Jordan S. Pober
Immunobiology of Vascular EndotheliumMy laboratory is interested in three research problems related to the immunobiology of vascular endothelium. Our first area of interest is the ability of cytokines to promote inflammation by altering the properties of vascular endothelial cells. When cultured human endothelial cells are exposed to cytokines, they undergo a series of alterations in gene expression resulting in increased capacities to perform new functions (i.e. "activation"). Our studies in this area focus on how cytokines alter endothelial surface proteins which interact with T lymphocytes. We analyze the effects of various individual and combinations of cytokines upon expression of MHC molecules, (which are involved in antigen recognition by T cells) and leukocyte adhesion proteins (which localize inflammation) on different types of human endothelial cells. We also examine the second messenger pathways utilized by cytokines to alter surface protein expression and the nuclear events mediated by cytokines that lead to altered rates of gene transcription. In parallel with these surface protein changes, we also investigate how cytokines regulate endothelial cell synthesis of vasodilators such as PGI2 and NO.

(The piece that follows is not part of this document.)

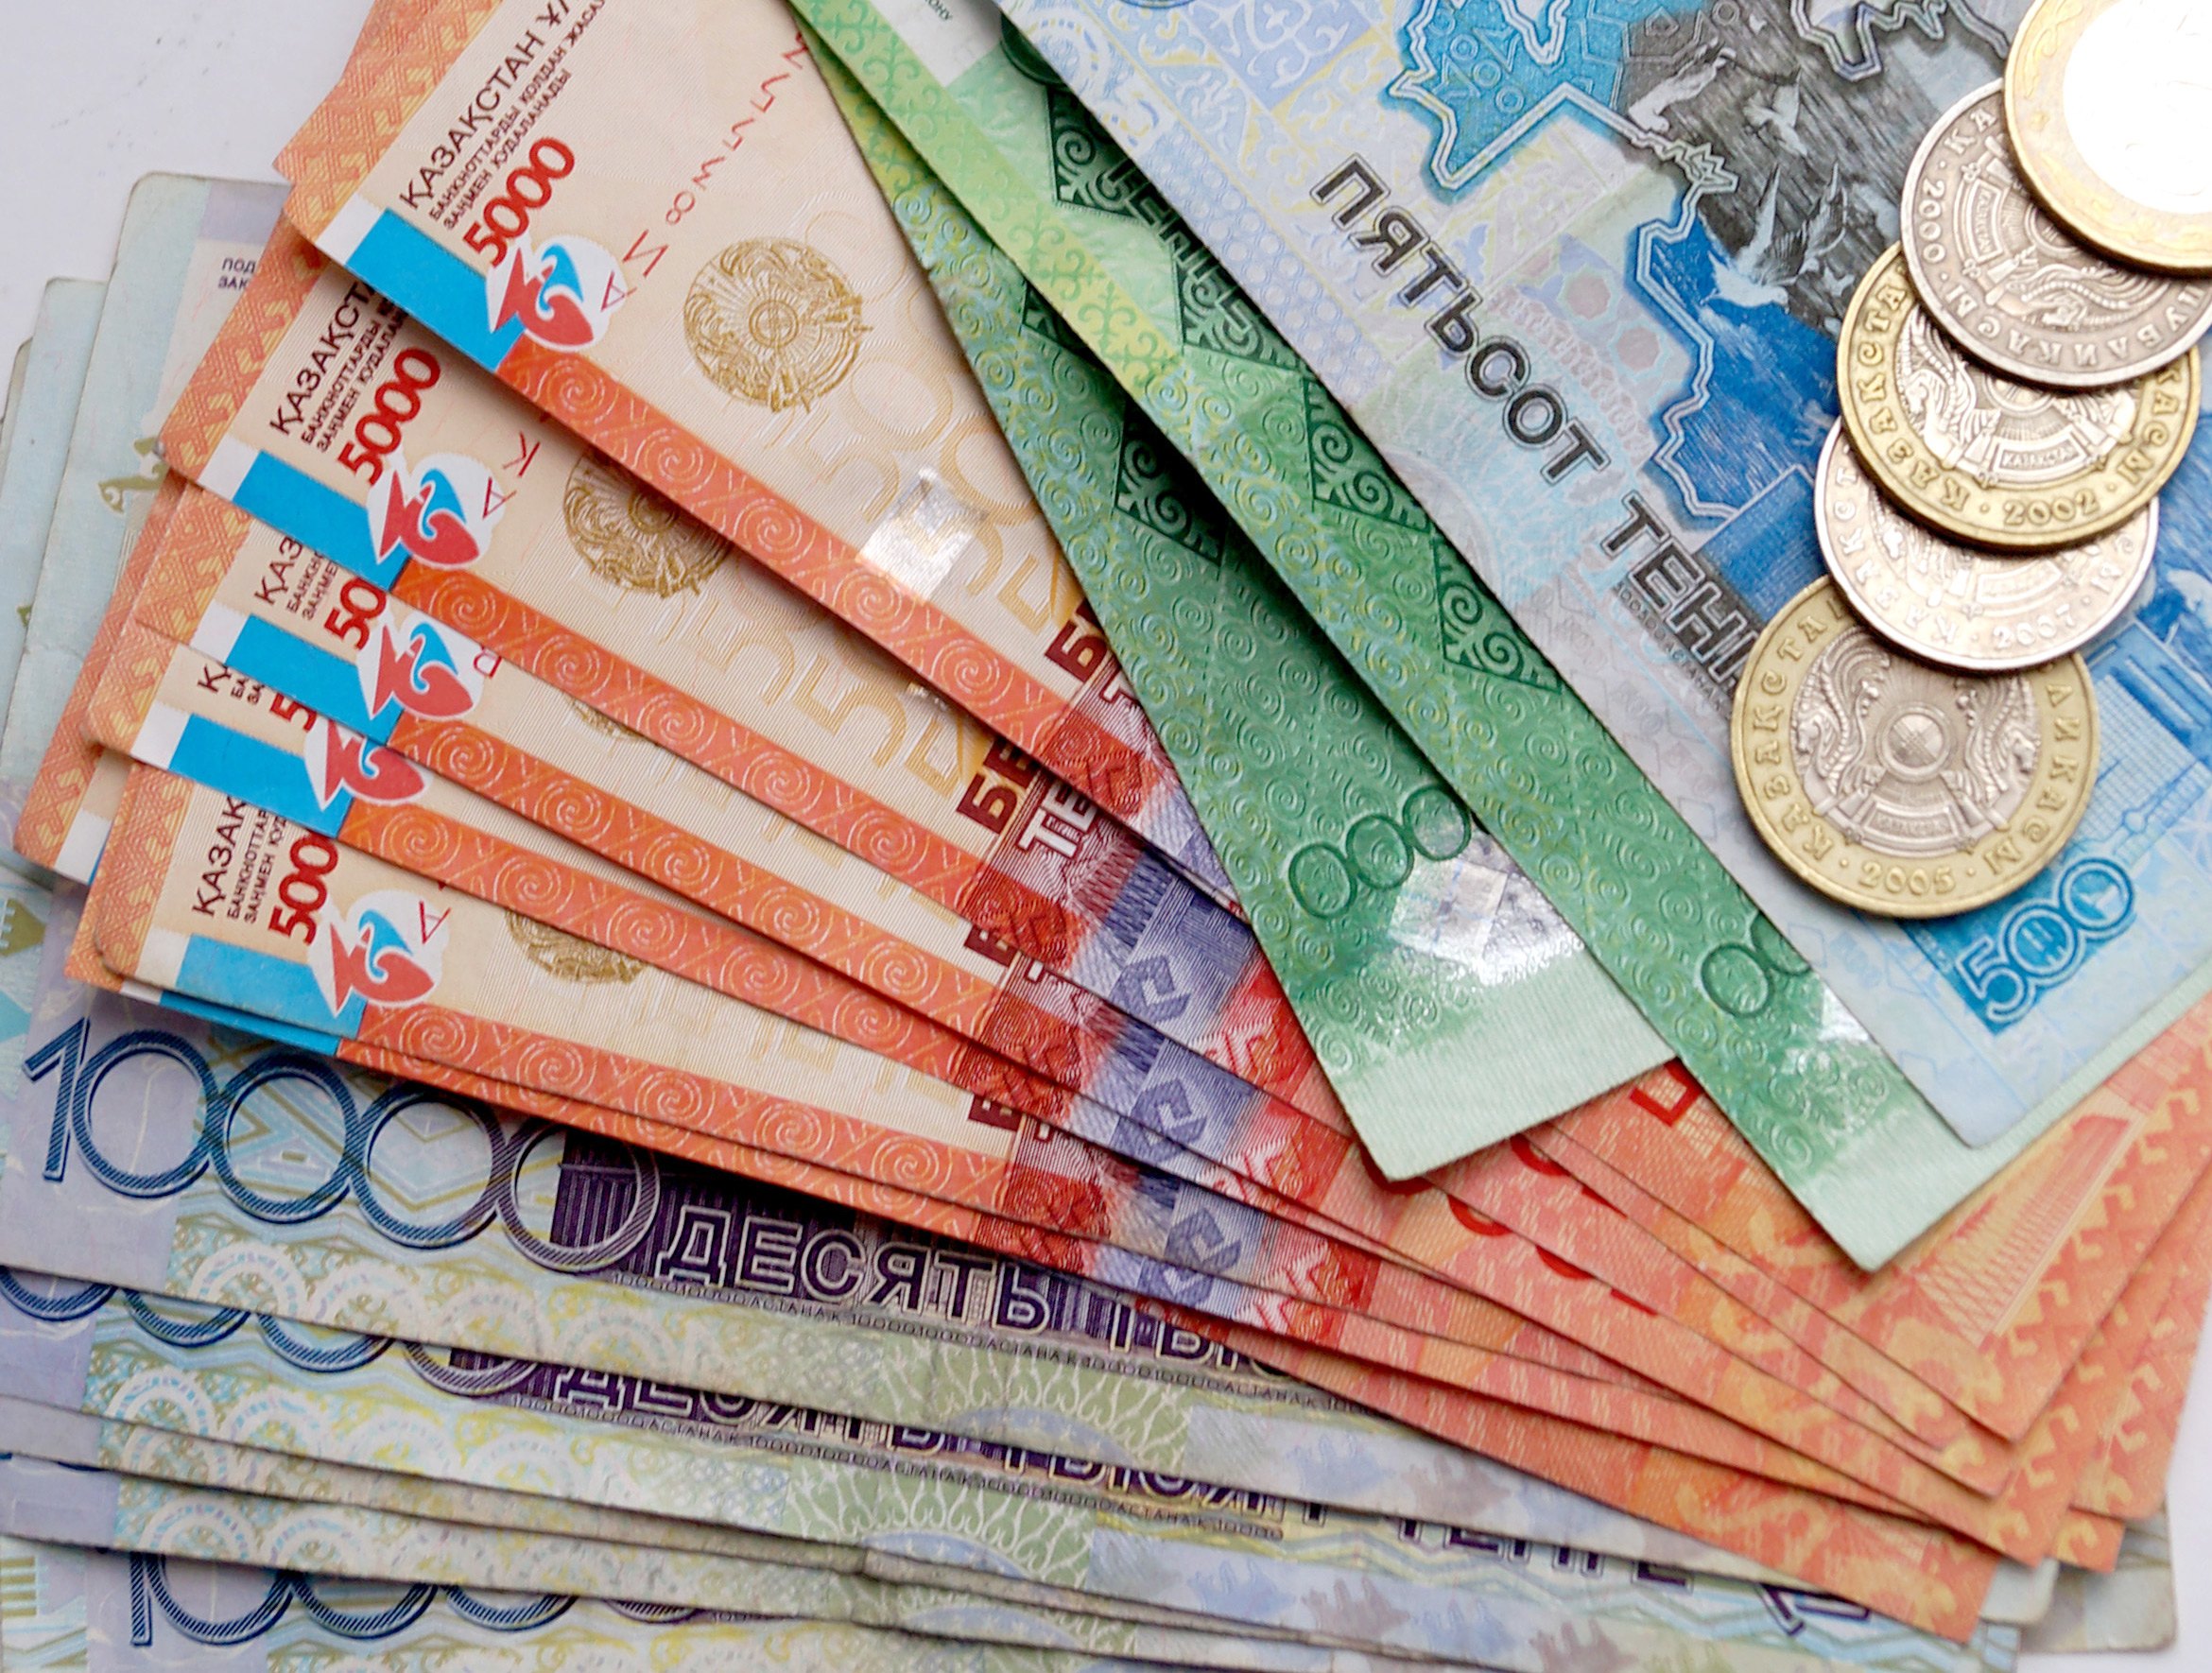 Евразийский банк выплатит компенсацию по вкладам Банка Астаны

Our second area of interest is the identity and nature of the signals provided by endotheliala cells that affect T cell activation. We have been exploring the effect of endothelial cell surface ligands on T cell synthesis and secretion of interleukin 2 (IL-2), the major regulatory cytokine of the immune response. We focus upon LFA-3 and upon as yet unidentified endothelial ligands which alter transcription factor expression in T cells, and upon ligands that confer T cell resistance to cyclosporin A, a drug that normally inhibits IL-2 synthesis.
Our third area of interest is to determine to what extent the observations made in vitro apply to the immunobiology of vascular endothelial cells in vivo. One current focus is upon cardiac allografts, delineating the role(s) of vascular endothelium in acute cellular rejection and more chronic lesions such as graft arteriosclerosis. A second focus is dermal inflammation, delineating functional differences among endothelial cells from different segments of the microvasculature and how these local differences change with disease. Finally, we have developed an animal model involving engraftment of human dermal microvessels and lymphocytes into SCID mice that allow us to study endothelial-lymphocyte interactions in vivo.